Was kostet eine statische Prüfung für die PV-Installation ungefähr?

Rechnen Sie mit Kosten zwischen 300 und 1.000 Euro, abhängig von der Komplexität des Daches und der Region. Viele seriöse PV-Installateure bieten dies inzwischen im Komplettpreis an oder rechnen es separat ab. Es lohnt sich, dieses Angebot anzunehmen, da es die Grundlage für die Sicherheit ist.

Kann ich eine PV-Anlage auf einem asbesthaltigen Dach installieren?

Ja, aber Vorsicht ist geboten. Beim Bohren oder Montieren darf kein Asbeststaub freigesetzt werden. Oft empfiehlt es sich, die betroffenen Platten vorher austauschen zu lassen oder spezielle Montageverfahren ohne Durchdringung zu wählen. Eine Gefährdungsbeurteilung ist Pflicht.

Wie lange hält die Abdichtung bei einer Aufdach-Montage?

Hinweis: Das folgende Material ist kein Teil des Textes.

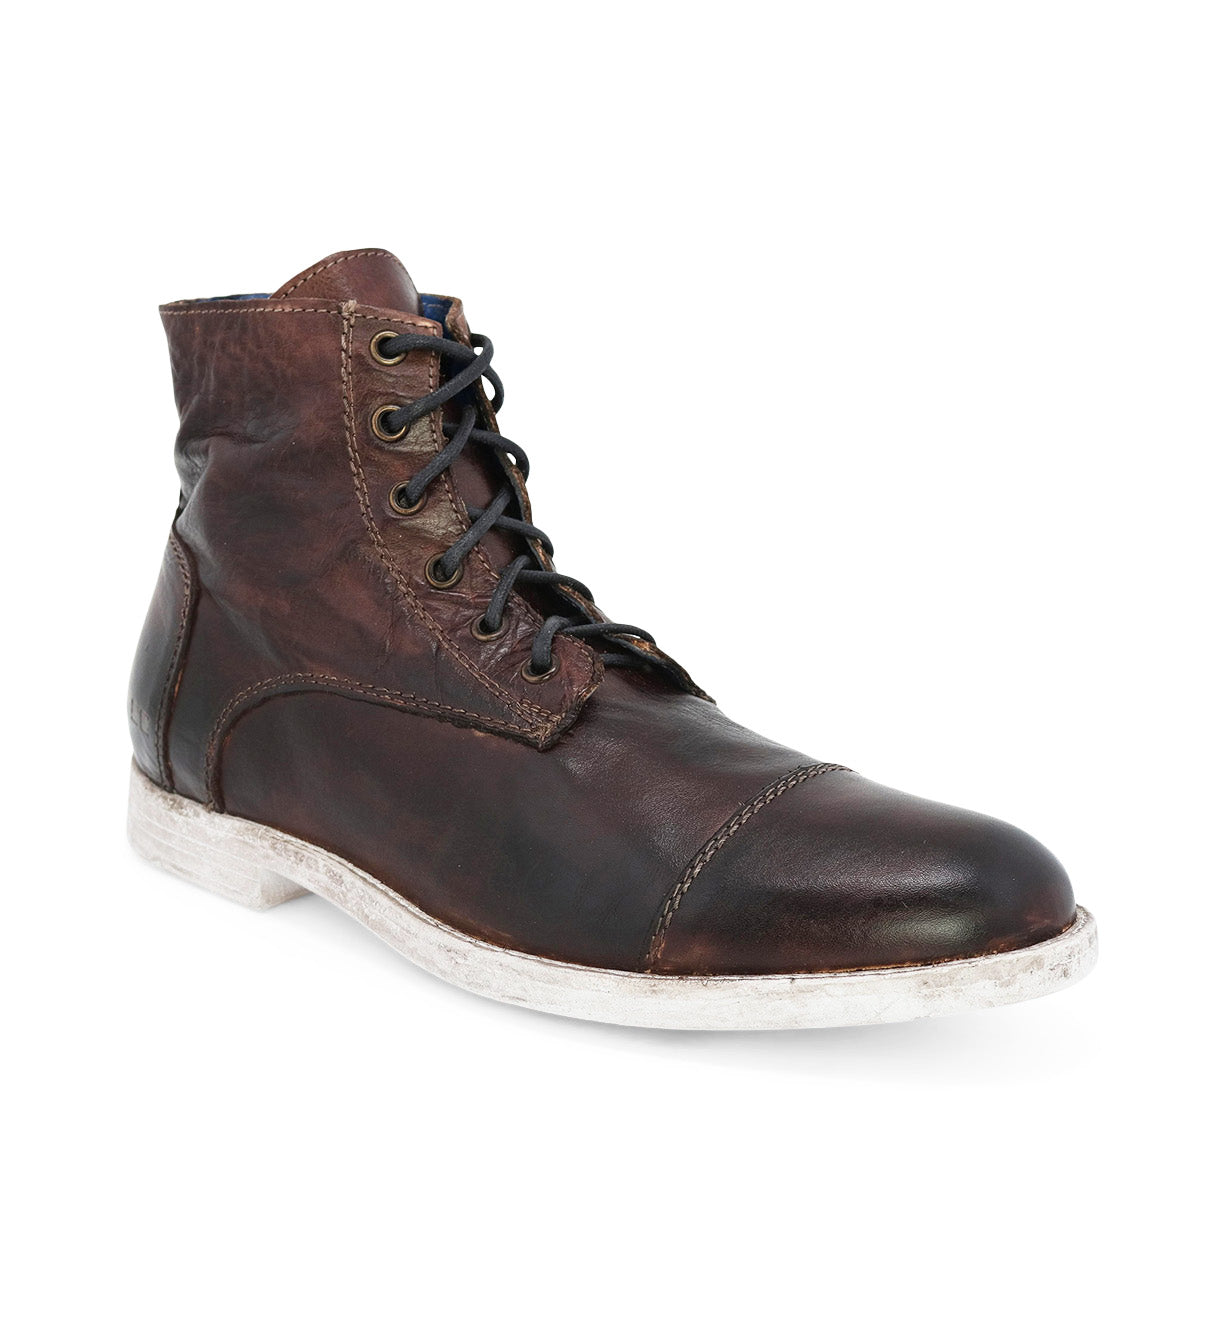 A men's brown leather Leonardo boot with laces from Bed Stu.

Bei fachgerechter Ausführung halten die Abdichtungen der Dachdurchführungen mindestens so lange wie die PV-Anlage selbst (20-30 Jahre). Entscheidend ist die Qualität der verwendeten Materialien (z.B. EPDM-Ringe) und die saubere Verarbeitung. Billige Silikonabdichtungen versagen oft schon nach 5-10 Jahren.

Fördert der Staat statische Verstärkungsmaßnahmen?

Direkte Fördermittel speziell für die Statik gibt es selten als Einzelposition. Allerdings können die Gesamtkosten der Installation über KfW-Kredite oder regionale Programme finanziert werden. Ab 2024 waren zudem Programme geplant, die Verstärkungsmaßnahmen bezuschussen, sofern sie im Zuge der energetischen Sanierung erfolgen. Informieren Sie sich aktuell bei der KfW oder Ihrem regionalen Energieberater.